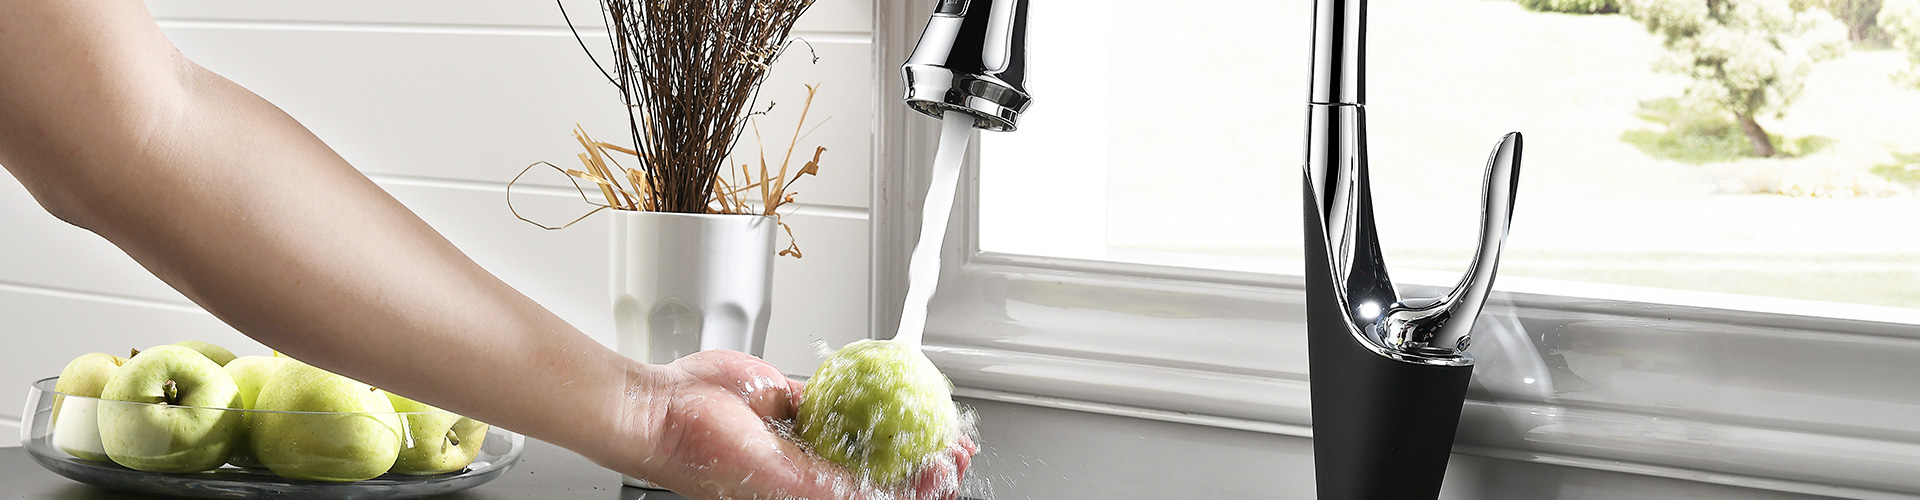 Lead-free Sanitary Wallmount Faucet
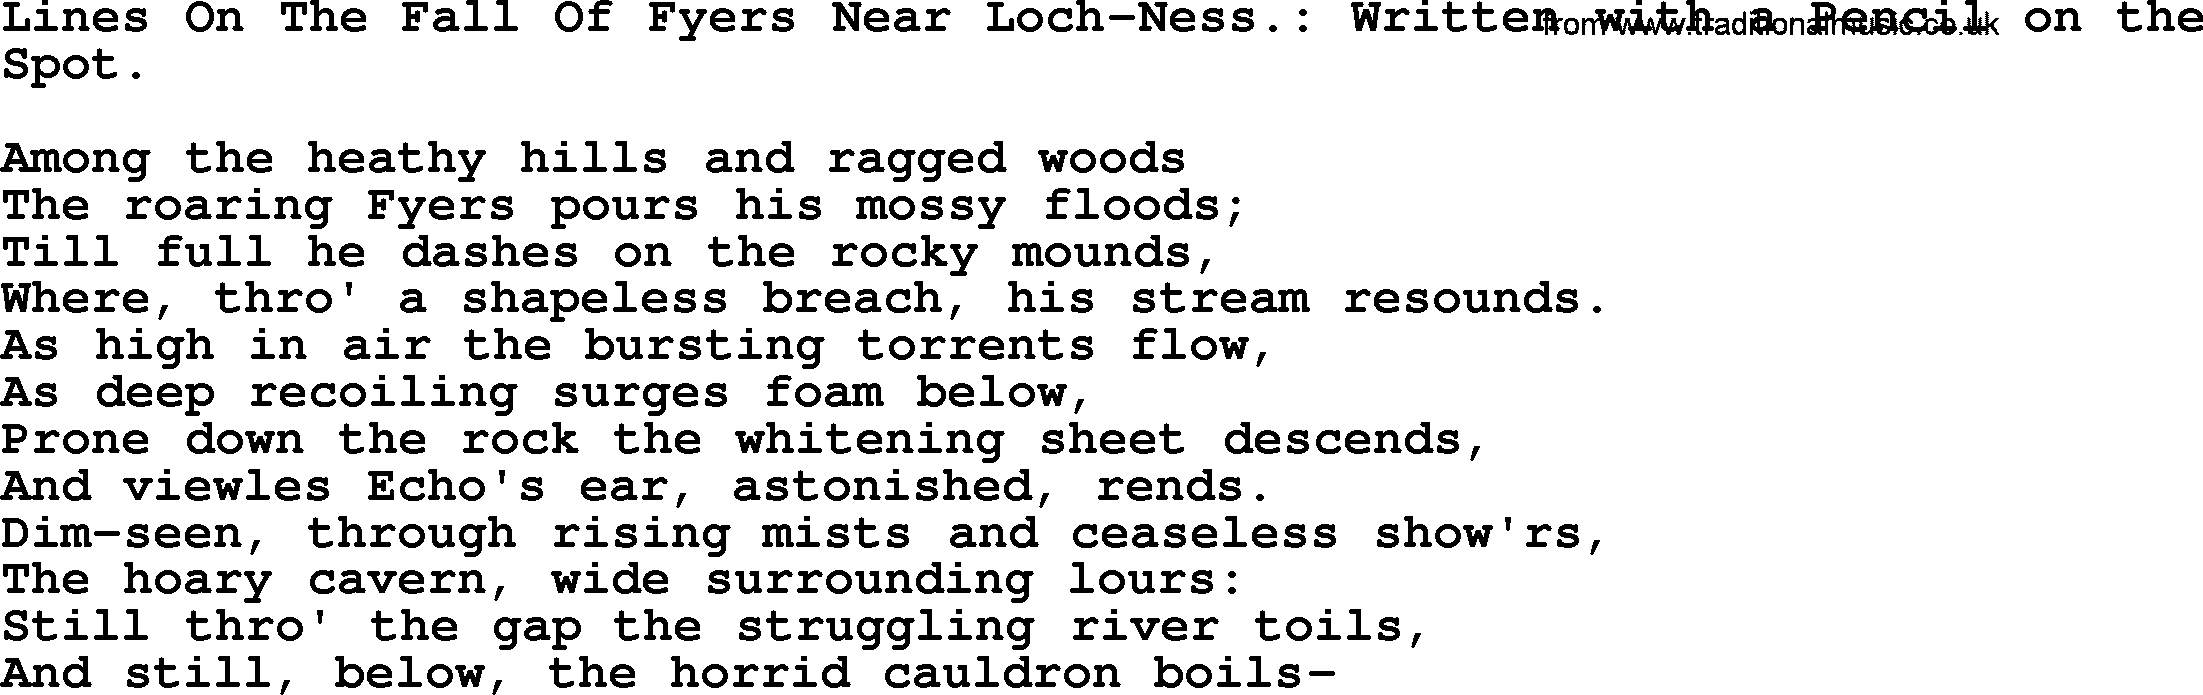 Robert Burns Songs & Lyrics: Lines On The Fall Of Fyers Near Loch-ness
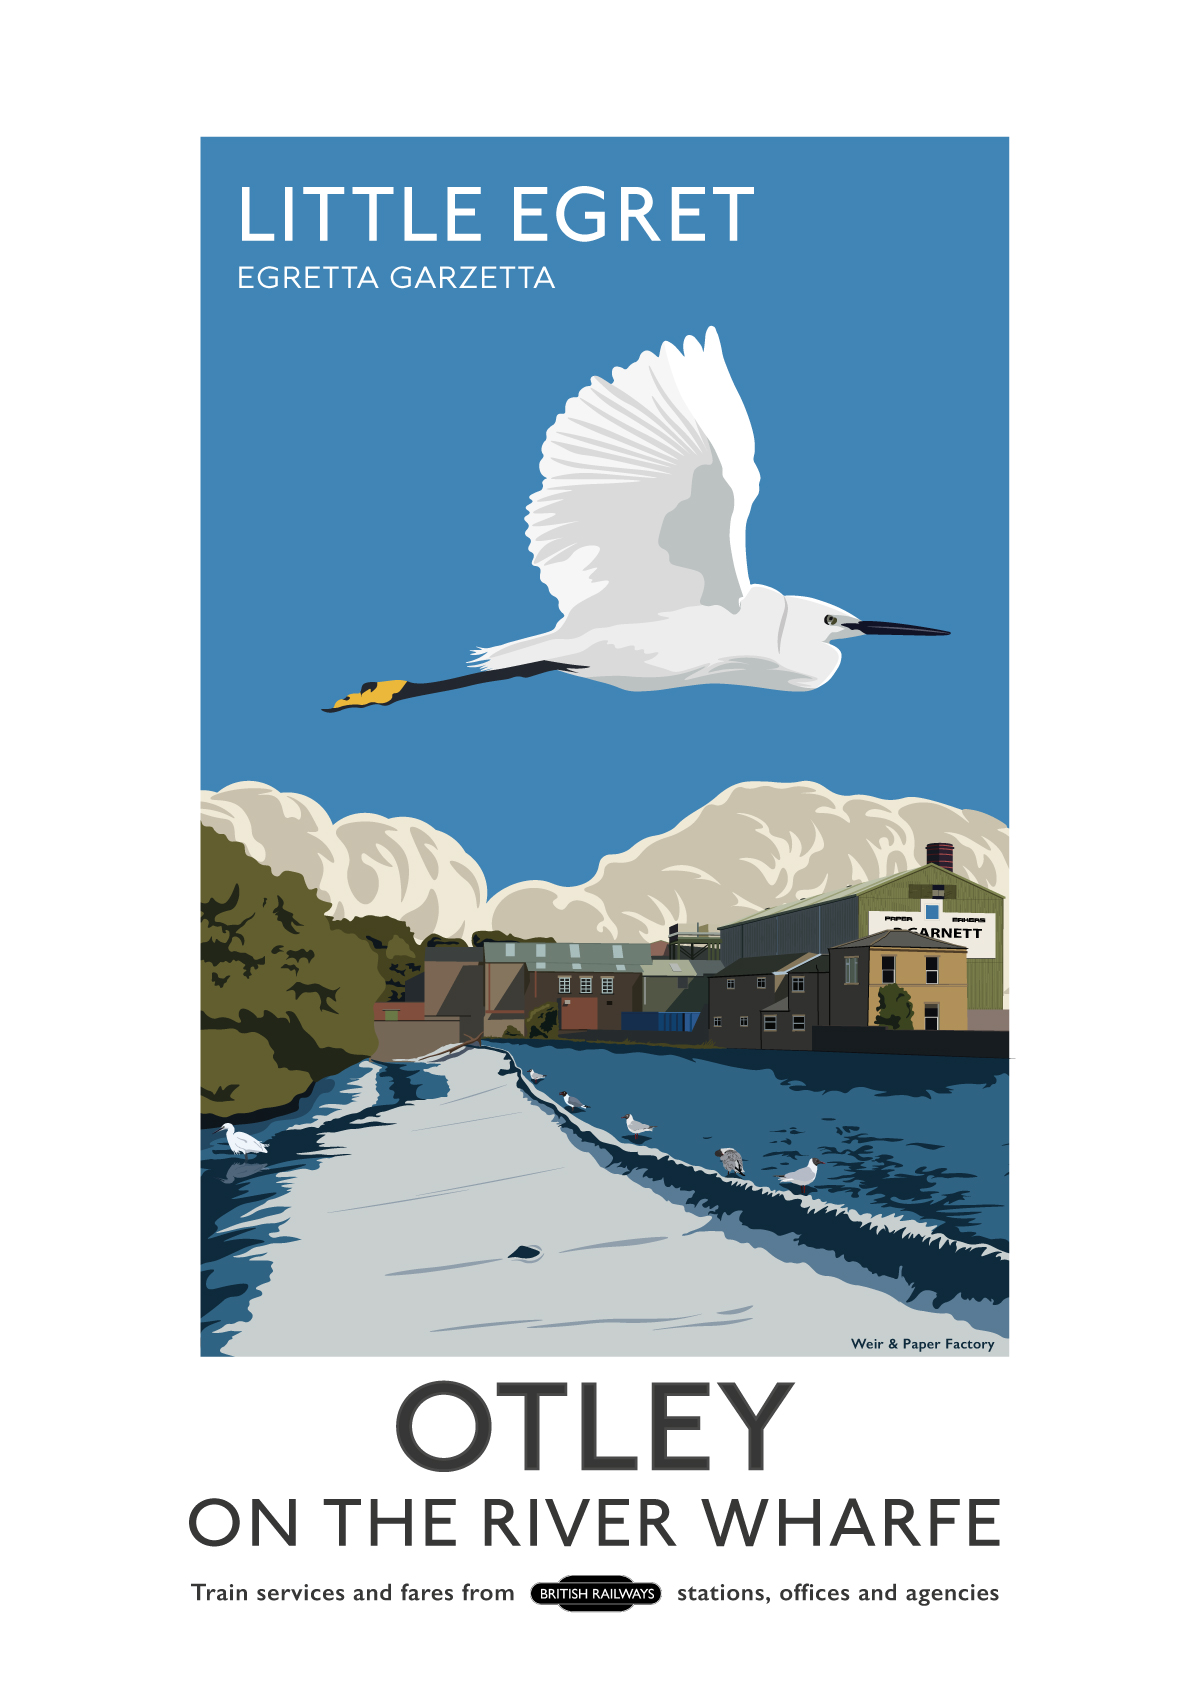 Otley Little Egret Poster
....................
▸ **Exercise goal**
Set down the data above exactly as written. Omit the pictures.

▸ **Response below**
 Lead-free Sanitary Wallmount Faucet
 Robert Burns Songs & Lyrics: Lines On The Fall Of Fyers Near Loch-ness
 Otley Little Egret Poster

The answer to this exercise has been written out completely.